There was one very powerful grammar nazi insisting that there is no such thing as an exclamatory question. He never provided any evidence, and nobody agreed with him, so he could have just been a troll, but it seemed to me he felt very strongly, so I’ll address his concerns.
He said that the reason we have two marks is to distinguish between exclamations and questions, because they have the same wording. But, perhaps, I don’t do his words justice. Let me quote him verbatim.
I’m afraid there is simply no argument to be made for the interrobang being grammatically useful, because grammar distinguishes a question from an exclamation and assigns a specific, individual punctuation mark to each. There is no ambiguous case in which one cannot determine whether something is a question or an exclamation. Most things that are concluded ?! are in fact questions, and should be concluded ?.
So what does ?! represent? What indeed! It might be the raised eyebrows when we question something we can scarcely believe. Or it might be the tone of indignation when we question what seems to us wrong. But neither of these are grammatical. They belong to a level of textual articulation above the grammatical. So, yes, one can say that the interrobang might be ungrammatically useful, or even extra-grammatically useful. But this is an argument against the notion of the interrobang as a new (and proudly American) punctuation mark. It may look like a punctuation mark, it may have hijacked two punctuation marks, but it functions as something other than and beyond a punctuation mark.
The interrobang itself is a symptom of ungrammatical usage of the exclamation mark, especially beloved of ad-men like Martin Speckter, to express loudness. You know: loudness! Since, according to this usage, the exclamation mark can be added to any statement, regardless of whether it is grammatically an exclamation or not, it is assumed that it can be added to what is grammatically a question. Correct use of the exclamation mark is one of the least taught aspects of English grammar, even more poorly understood by most people than the semi-colon and apostrophe.

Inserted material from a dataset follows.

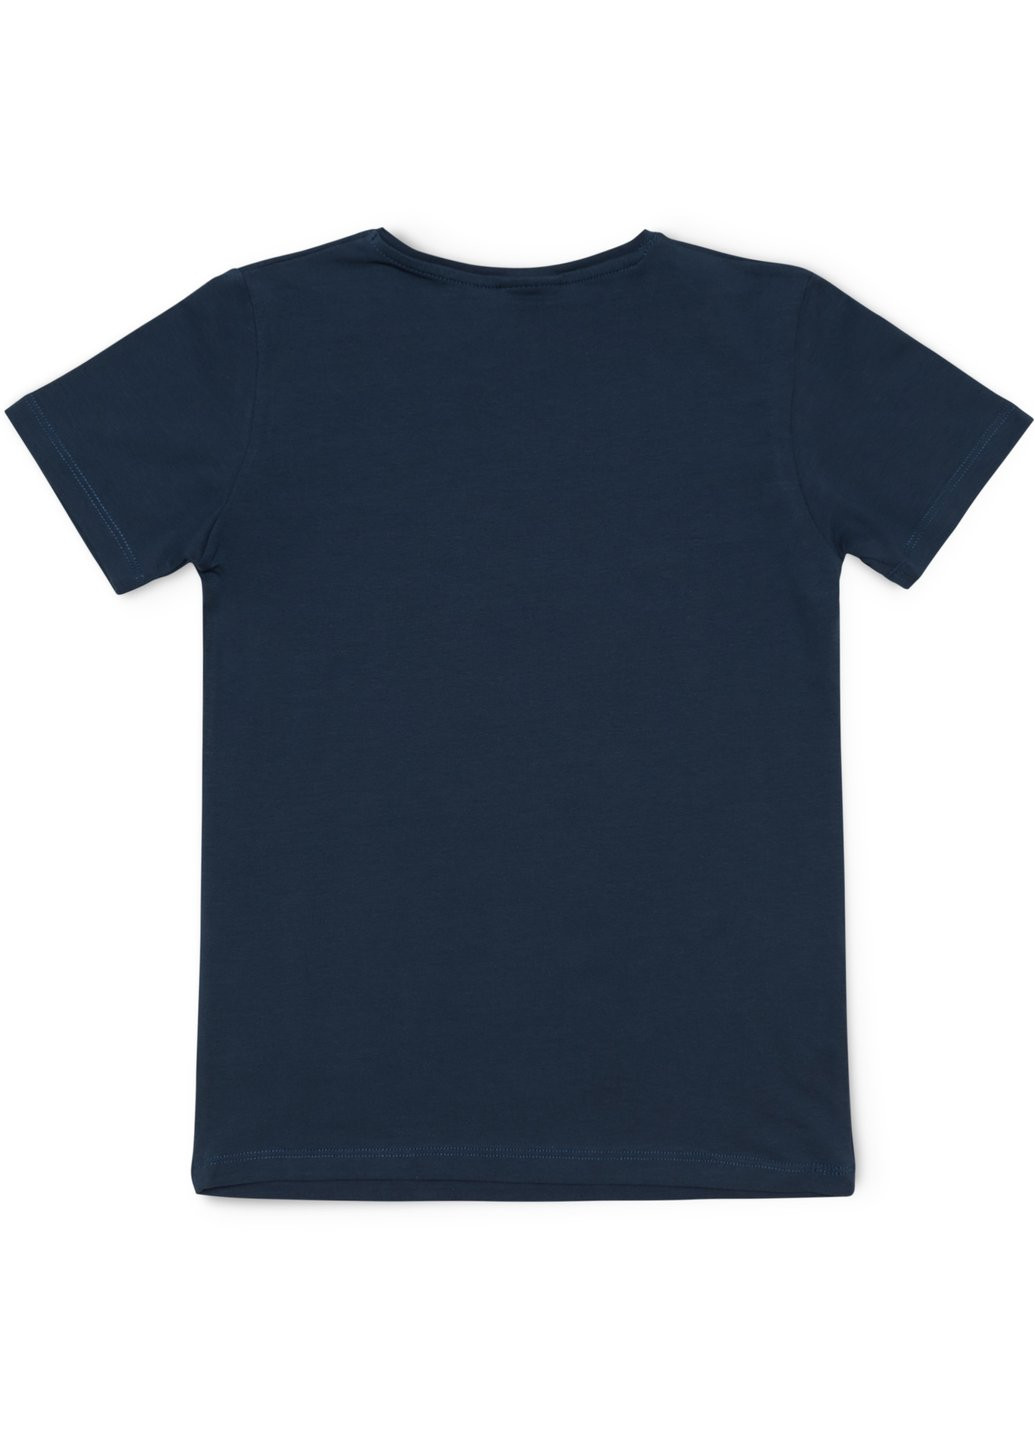 Комбинированная футболка детская базовая (3030-140-blue) Lovetti

Okay. So, he’s saying that, by definition, there is no question that is an exclamation because loudness doesn’t equal exclamatory and presumably neither does passion. So, what does equal exclamatory? He’s saying that exclamatory is grammatical in nature rather than in how the words are expressed. If I give him that, then we should end every sentence in a period. Period. The grammar will take care of what type of sentence it is.
Well, I think he has a half-arsed answer to that.
Grammar does not need an exclamation mark to distinguish a ‘plain statement from an exclaimed statement’; it uses an exclamation mark to clearly distinguish an exclamation from a question…
Correct me if I’m wrong, but didn’t he just contradict himself? Well, in the interest of your sanity, I’m going to leave this guy behind, but if you want to see the full context, you can visit the comments of the article in question.
The third concern, which you can also read about in the comments of that same article, is that it’s a typographer’s nightmare. It seems to be very difficult to make interrobangs that don’t turn into ink blotches at low font sizes. But, not impossible, as many fonts have that taken care of. What they’re saying is, “We don’t want it to catch on because it’s too hard and we’re lazy.”
But, aside from the grammatical answers for it and the answers to the objections, there is only one reason you need to insert the interrobang into standard punctuation. It’s just awesome! And that’s really all you need.